Normally when a hero doesn’t even remember their scores of team-ups with loveable D-list characters, we’d say Skrull, but this example of poor social skills tends to be par for the course for absent-minded professor Reed Richards.


Being an unmarried millionaire playboy with a suit of armor that makes you one of the world’s greatest superheroes has got to make it hard to get chicks. So when Tony Stark complains that he’d rather be married so he could get the proverbial milk on demand if not for free, mutant psychic Professor X has to inform him of the humor that the mute king (and married guy) of the Inhumans finds in that statement.

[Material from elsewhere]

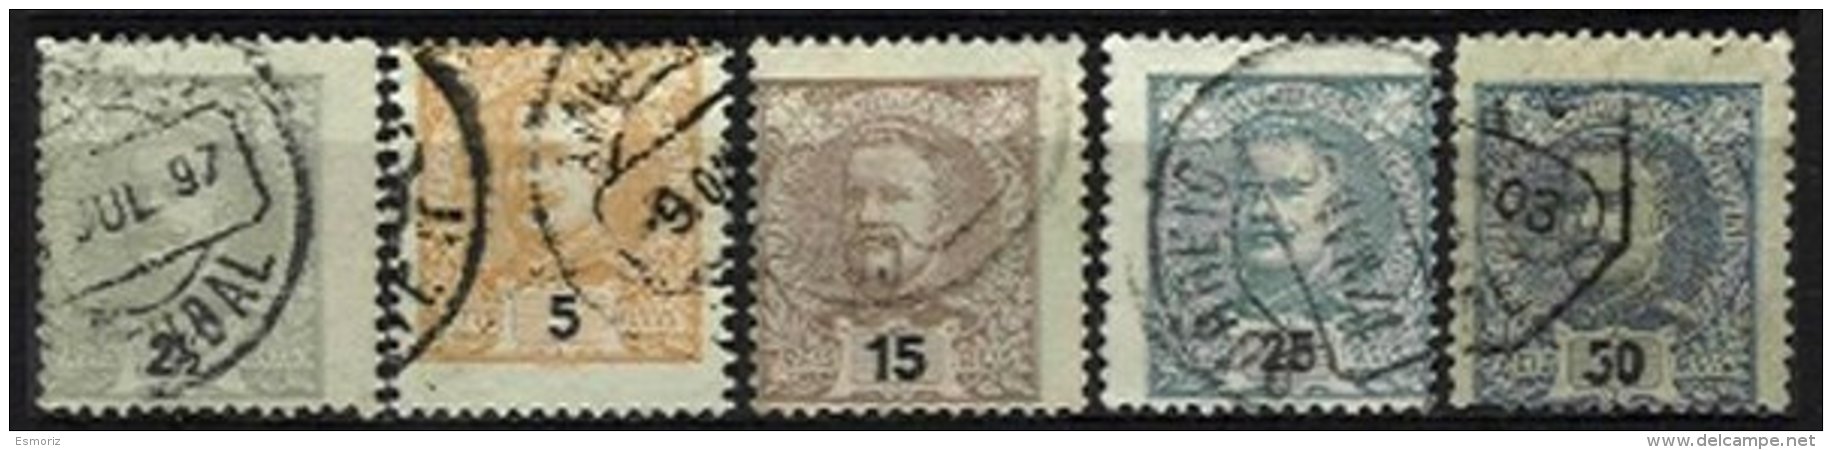 PORTUGAL, AF 126/27, 129, 131/32: Yv 124/25, 127, 130, 132, Shifted Perfs, Used, F/VF - Unused Stamps

Something tells me that if belt buckles with slogans were fashionable under the sea, Namor’s would be all like, “DON’T MESS WITH ATLANTIS.” Seriously, nigh-invulnerable alien invader Marvel Boy probably had it coming and maybe didn’t even feel this, but is this really the best way to make friends, Namor? Someone should probably re-take kindergarten.